Quiero que veas mi país.
Voy a poner postes de kilometraje con las fechas.
Voy a darte migas de pan y piedras blancas de Pulgarcito para que sigas los caminos, espantando las huella de los días que son las horas, volanderas de todo color, de toda forma. Blancas, largas, flexibles: garzas y cisnes; pesadas, feas; avestruces; pequeñas, livianas sin rumbo; vuelo de las horas y de los pájaros sobre el mundo.
Horas que vuelan una vez sobre las olas y caen en el hueco de todo lo pasado. Pequeñas aves de los minutos negros volando en cruz a picotear la primavera: golondrinas.

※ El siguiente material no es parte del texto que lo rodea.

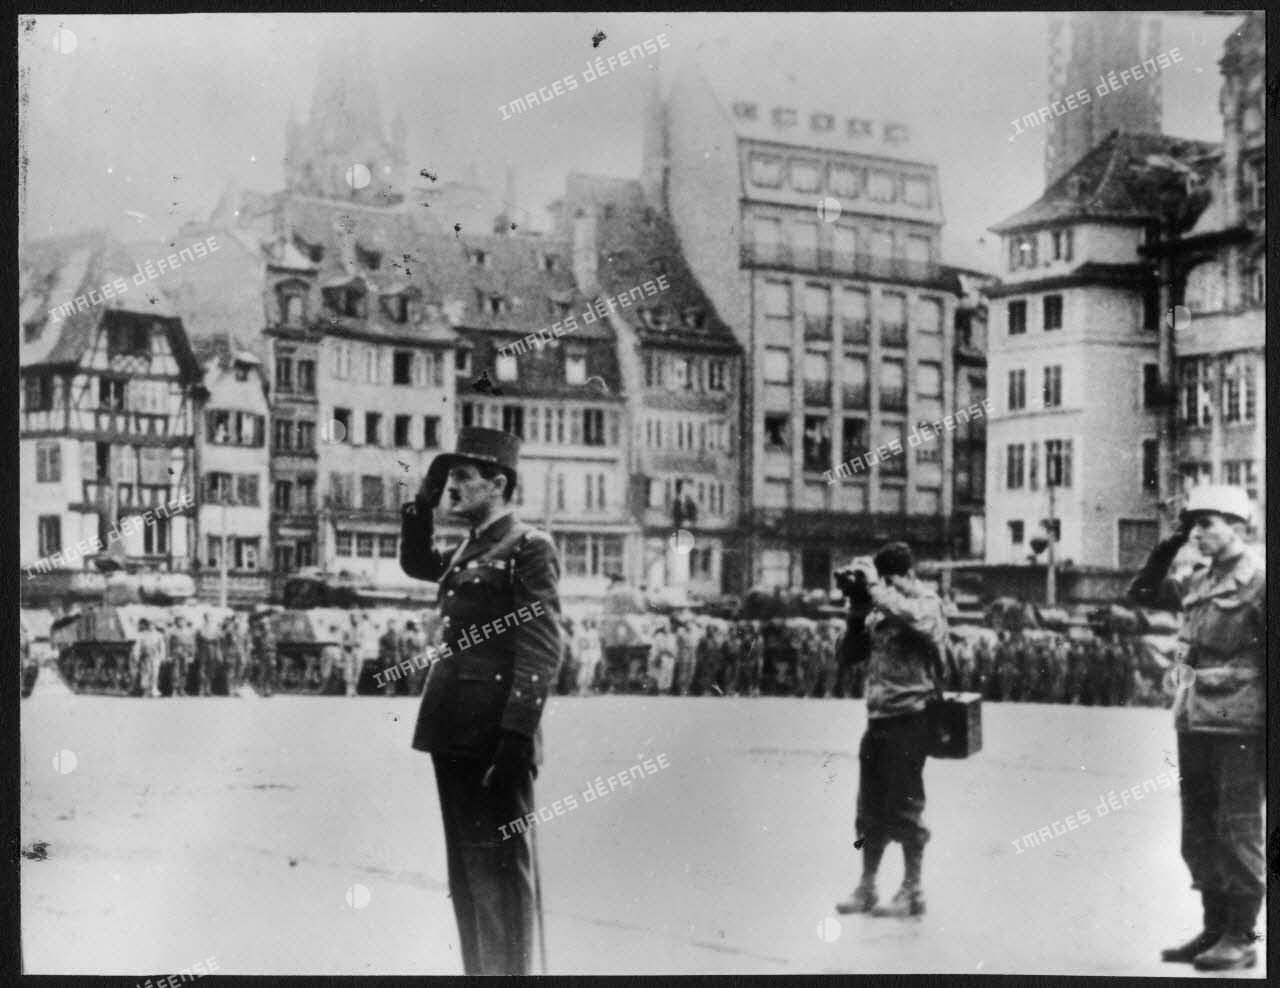 Strasbourg, le 26 novembre 1944, le général Leclerc passe en revue des éléments de la 2e DB (division blindée) place Kléber et salue pendant l'exécution de la Marseillaise.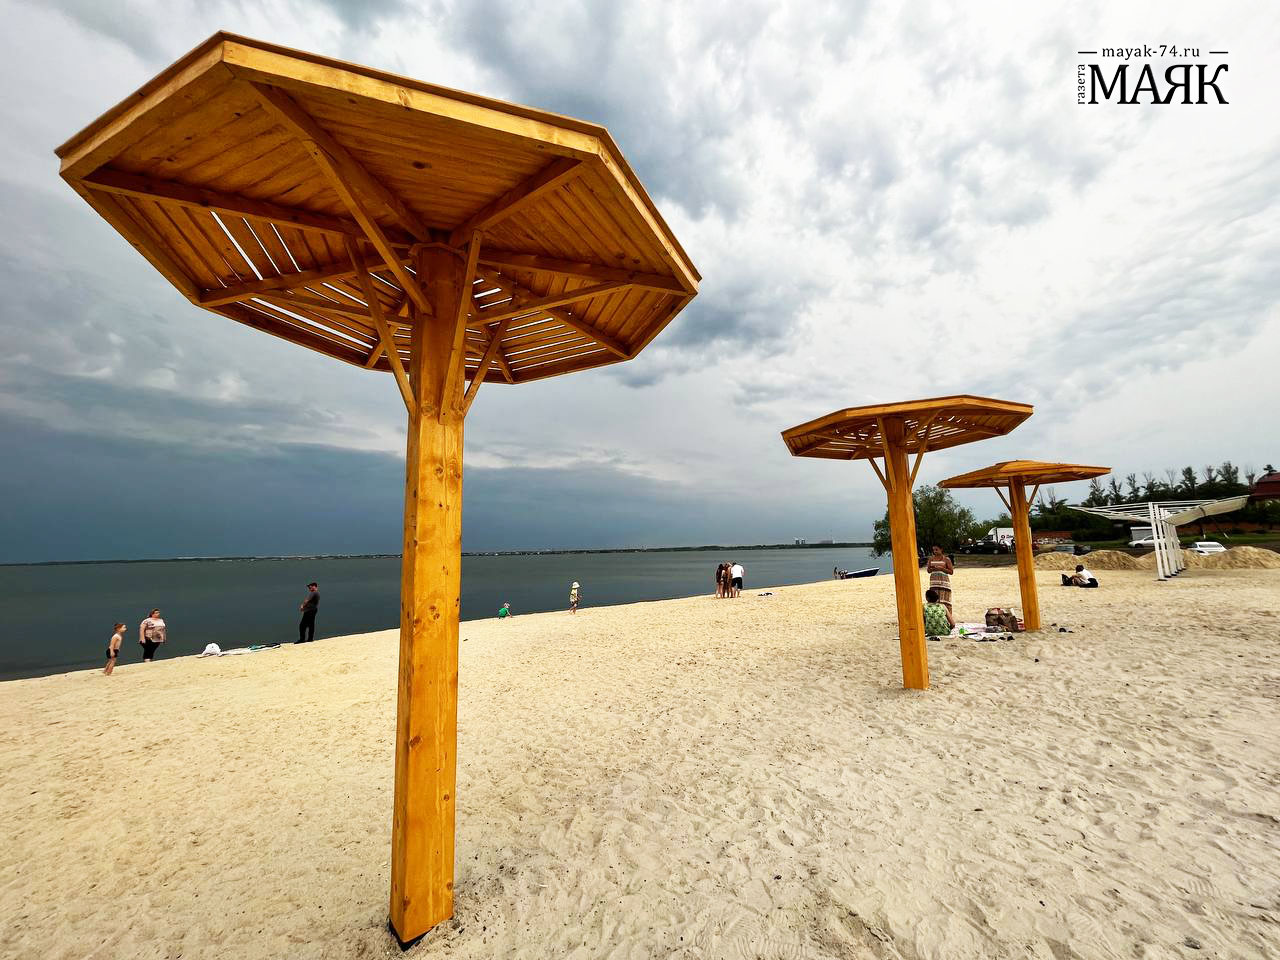 Муниципальный пляж со всеми удобствами скоро откроется в Красноармейском районе

Te daré piedras preciosas de las grutas de Aladino. Tengo tantas en los ojos, en las manos; sobre el piso de mi cuarto está tendido el arcoiris. Pedrería multicolor de mis rutas. (Las gentes alargarían, ávidas, las manos sobre la huella).
Mejor, toma hitos en las honduras que han de florecer hoy día para tus ojos y que después han de hundirse como todo lo demás, en la obsesión de los naufragios.
Me faltan las líneas isotérmicas e isotópicas para que sigas por mis mundos. No podré guiarte a través de ellos. Pero tú vendrás a mí. Y entonces yo te llevaré.
Será como esas cajas de sorpresas que empiezan en una grande y encierran otras más pequeñas. Podrás ir abriéndome hasta hallarme, como un regalo de la Primavera, intacta, igual que el interior de la última caja: vacía.